Yale historian Paula Hyman commented that the deep divisions in the appointment committee were the primary reasons that Cole was rejected: "There was also concern, aside from the process, about the nature of his blog and what it would be like to have a very divisive colleague." Yale political science professor Steven B. Smith commented, "It would be very comforting for Cole's supporters to think that this got steamrolled because of his controversial blog opinions. The blog opened people's eyes as to what was going on." Another Yale historian, John M. Merriman, said of Cole's rejection: "In this case, academic integrity clearly has been trumped by politics."

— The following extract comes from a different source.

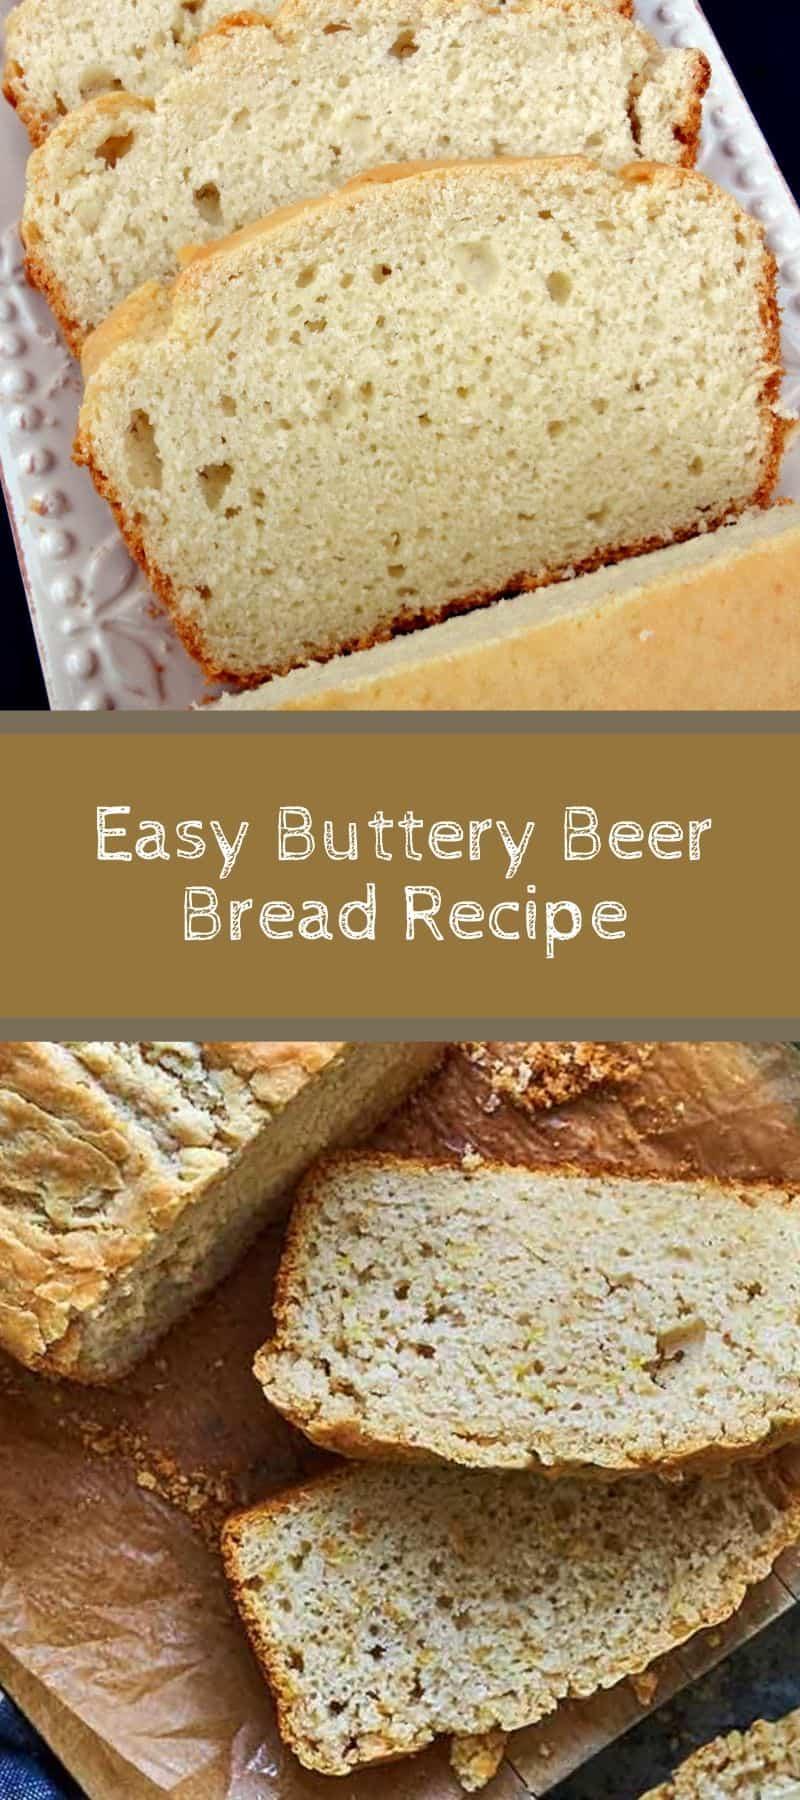 Easy Buttery Beer Bread Recipe - Grandma Linda's Recipes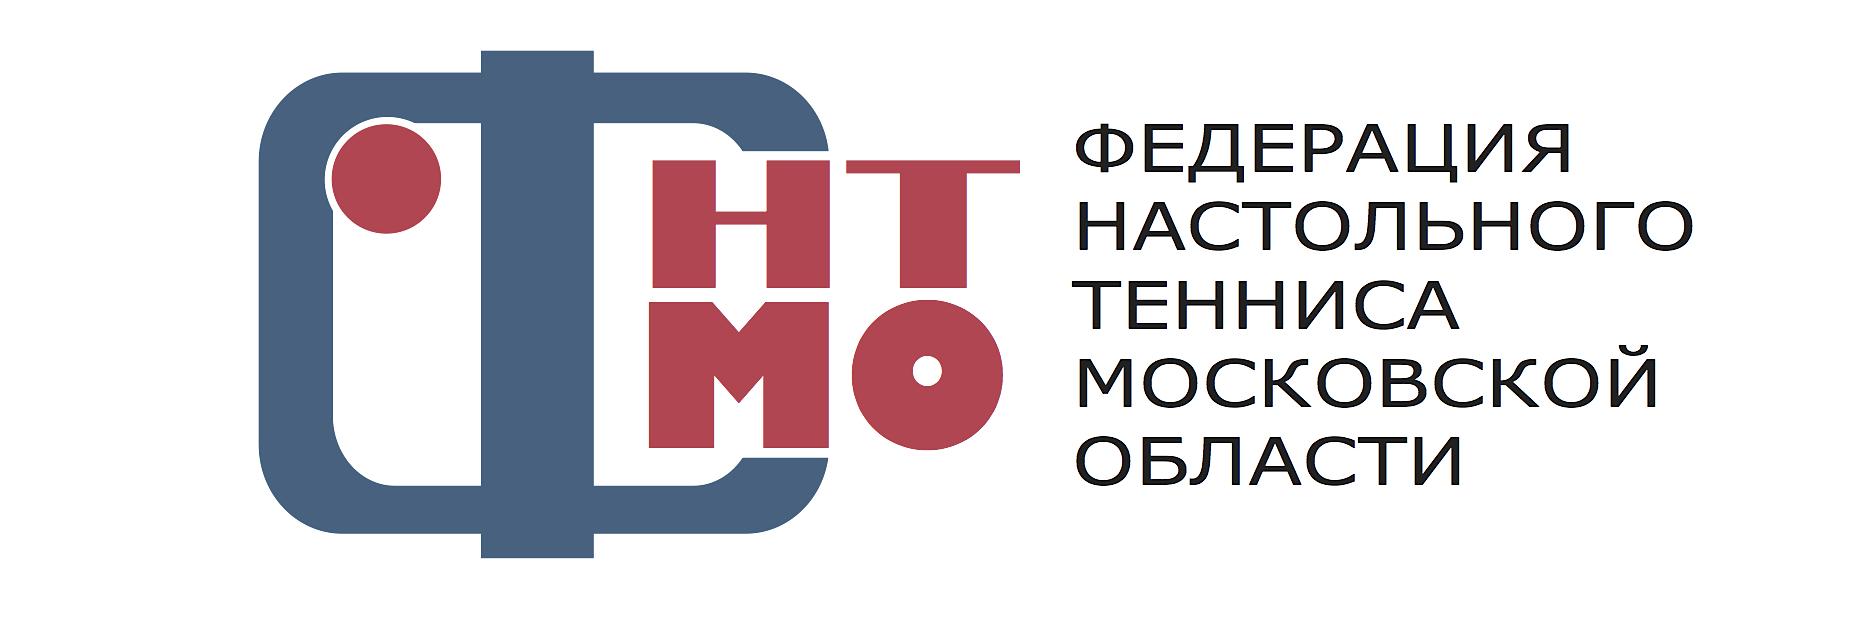 Личное Первенство МО 2009 г.р. и моложе @ Орехово-Зуево

In an interview on Democracy Now!, Cole said that he had not applied for the post at Yale: "Some people at Yale asked if they could look at me for a senior appointment. I said, 'Look all you want.' So that's up to them. Senior professors are like baseball players. You're being looked at by other teams all the time. If it doesn't result in an offer, then nobody takes it seriously." He described the so-called "scandal" surrounding his nomination as "a tempest in a teapot" that had been exaggerated by "neo-con journalists": "Who knows what their hiring process is like, what things they were looking for?"

Other controversies 

Alexander H. Joffe in the Middle East Quarterly has written that "Cole suggests that many Jewish American officials hold dual loyalties, a frequent anti-Semitic theme." Cole argues that his critics have "perverted the word 'antisemitic, and also points out that "in the Middle East Studies establishment in the United States, I have stood with Israeli colleagues and against any attempt to marginalize them or boycott them".

According to Efraim Karsh, Cole has done "hardly any independent research on the twentieth-century Middle East", and characterized Cole's analysis of this era as "derivative". He has also responded to Cole's criticism of Israeli policies and the influence of the "Israel lobby", comparing them to accusations that have been made in anti-semitic writings. 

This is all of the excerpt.